Now, the Times of India, 700 workers injured in clash with Gurgaon police:
At least 75 workers were rushed to hospital and many more injured when incensed Haryana policemen went berserk and thrashed agitating workers of Honda Motorcycles and Scooters India (HMSI) here on Monday.

Trouble broke out when the workers, staging a protest march, were confronted by police in the Civil Lines area. On being held back, the workers injured a deputy superintendent of police and set fire to the SDM’s vehicle. This acted as a trigger for the police to unleash massive retaliatory violence.
The second account gives blow-by-blow detail which, not coincidentally, shows the police provoking and then attacking demonstrators.
Eyewitnesses... said the policemen were not so much interested in dispersing the mob, as to thrash the workers black and blue by ringing them in from all sides....

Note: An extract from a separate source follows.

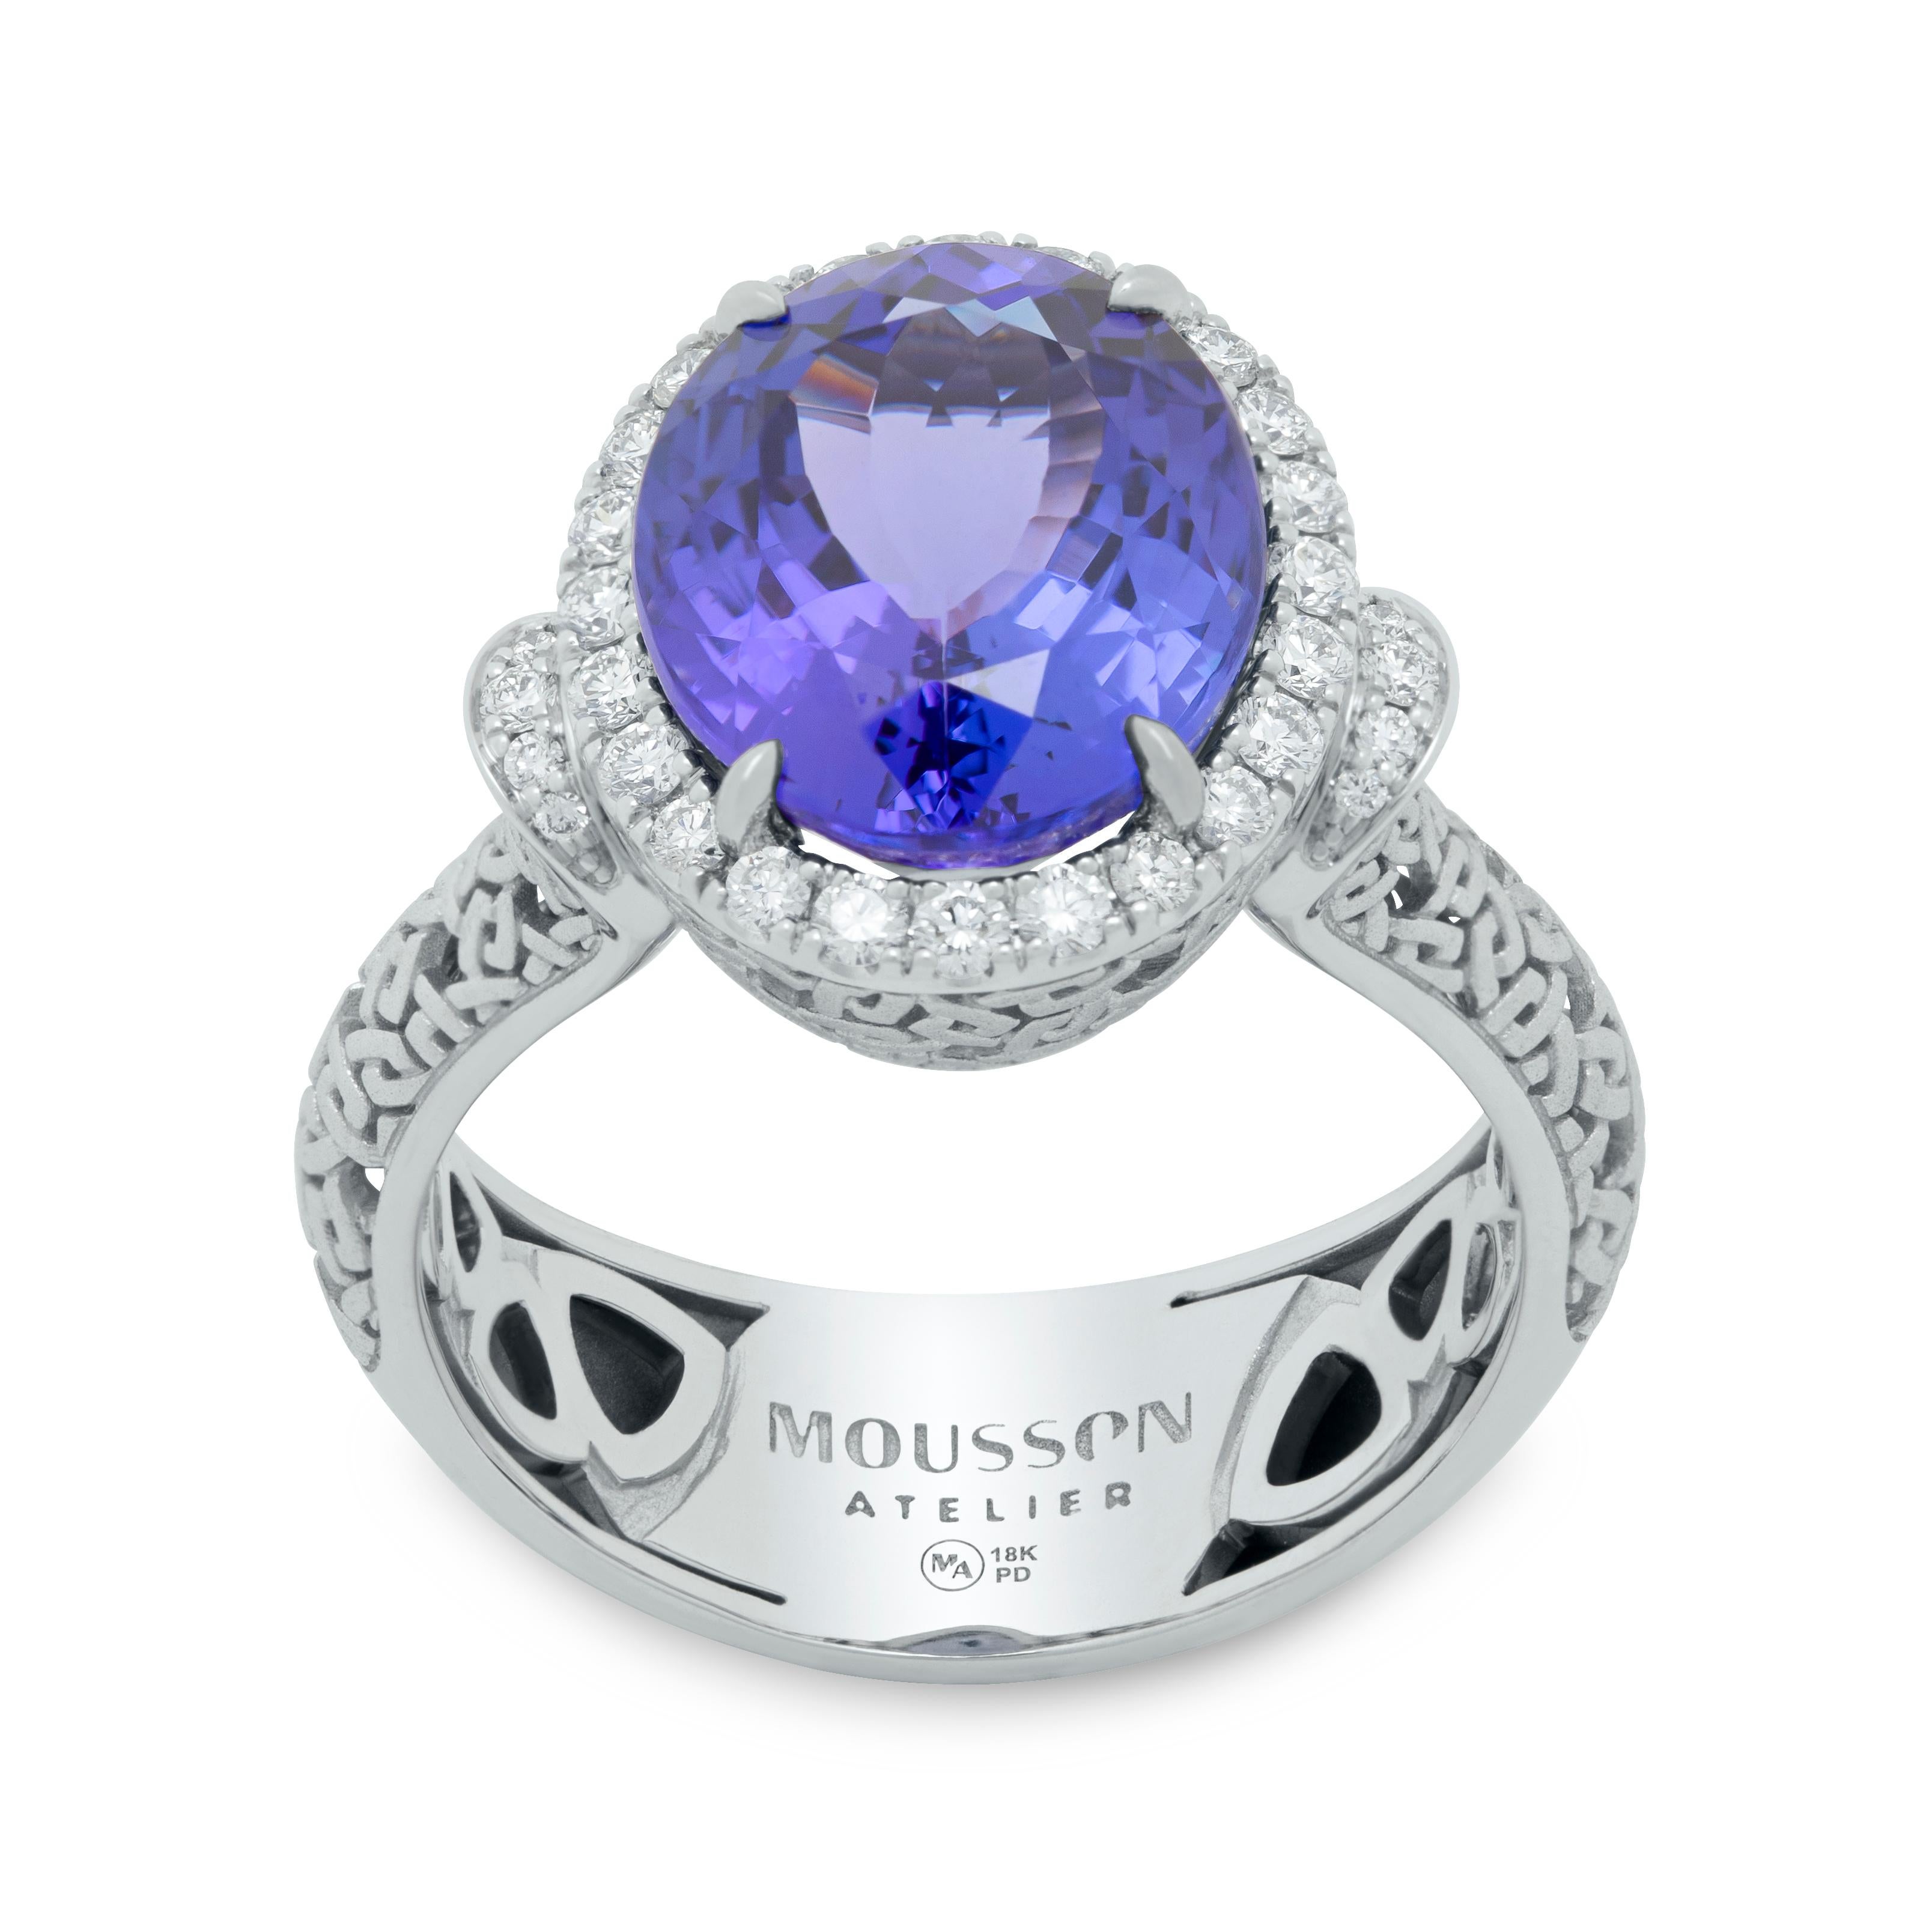 Tanzanites Diamonds 18 Karat White Gold New Classic Suite
Introducing a Suite crafted from delicate 18 Karat White Gold, which in company with Tanzanites and Diamonds around it, creates a truly noble look. But the main detail here is still the

After beating the workers into submission — and indeed some of them senseless — the police pressed home its advantage by heaping humiliation. The workers were made to hold their ears, and crouch while running, among other things.
The article's pro-worker 'bias' is there because the journalist actually spoke to some workers. In other words, she did real research, something that's sorely lacking in most accounts of demonstrations.

Another article quotes a lawyer for arrested workers describing the action:
To beat up the people so brutally that they won't stand up again," Fernandes said describing the action as an "effort to finish off the workers agitation."
The candour is refreshing; too bad the lawyer had to be tortured for two days before someone would quote him. My heart goes out to those men & women. Fuck the state, the capitalists and the police - nothing is stronger than workers' power.